Unraveling the dominant role of phonons in the ultrafast non-local dynamics of a photoexcited metal/insulator heterostructure

Exploiting the element specificity of soft x-ray spectroscopy, we analyze the microscopic origin of ultrafast non-local dynamics induced by localized optical excitation in metal-insulator heterostructures. The performed ultraviolet pump - soft x-ray probe experiment is sensitive to all constituents of the [Fe/MgO]$_n$ heterostructures, and probes electronic as well as lattice excitations.
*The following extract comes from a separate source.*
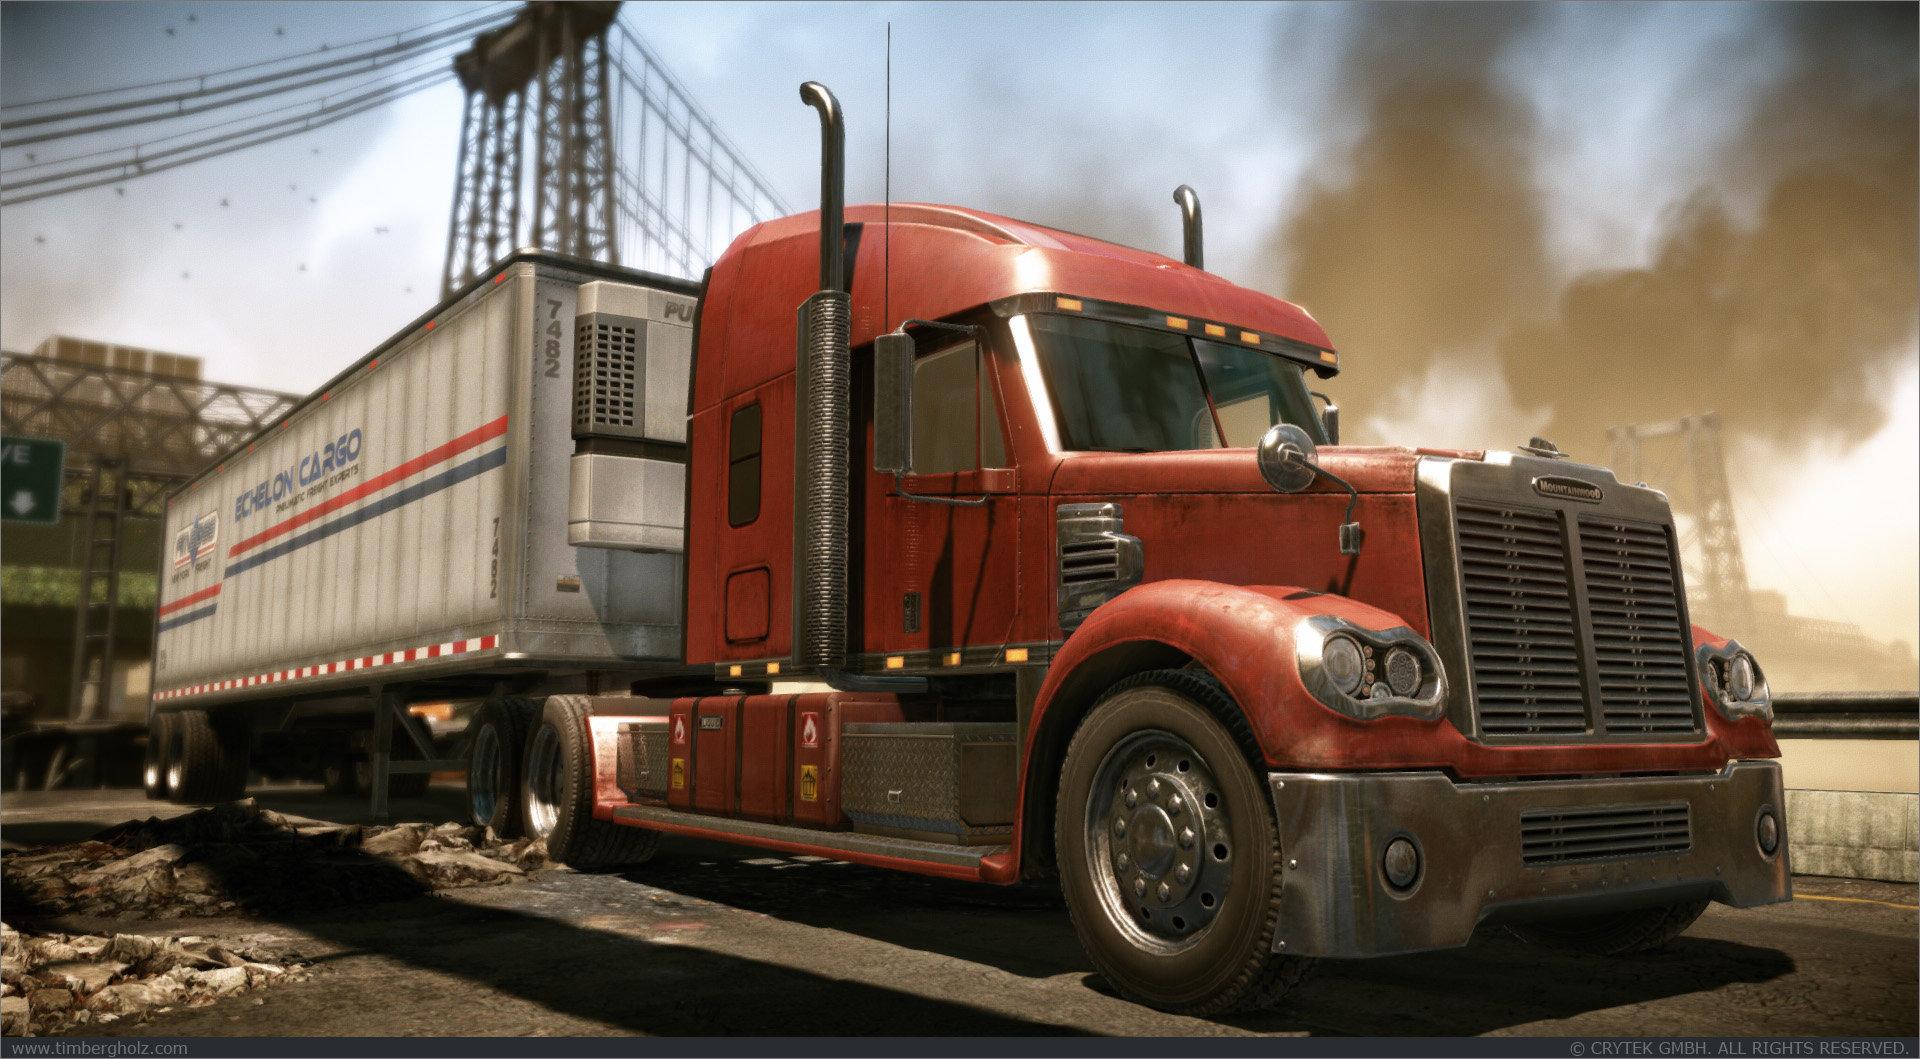 Tim bergholz red truck full

Additional ultrafast electron diffraction experiments independently analyze the lattice dynamics of the Fe constituent, and provide in combination with the soft x-ray analysis and ab initio theory calculations comprehensive insight into the microscopic processes leading to local and non-local relaxation within one or among two constituents, respectively. Besides electronic excitations in Fe which relax within 1 ps by electron-phonon coupling, we identify a change at the oxygen K edge absorption at MgO sites which occurs already within 0.5 ps and is mediated by lattice excitations in Fe. This selective phonon transfer across the interface excites non-thermal, hot phonons in MgO. In addition a second, slower timescale is identified at the oxygen K pre-edge and the Fe L$_3$ edge. It represents heat transfer and thermalization of the heterostructure as a whole. Noteworthy, our experiments lack signatures of charge transfer across the interface and it is concluded that phononic processes dominate the competition of electronic and lattice excitations in these non-local dynamics.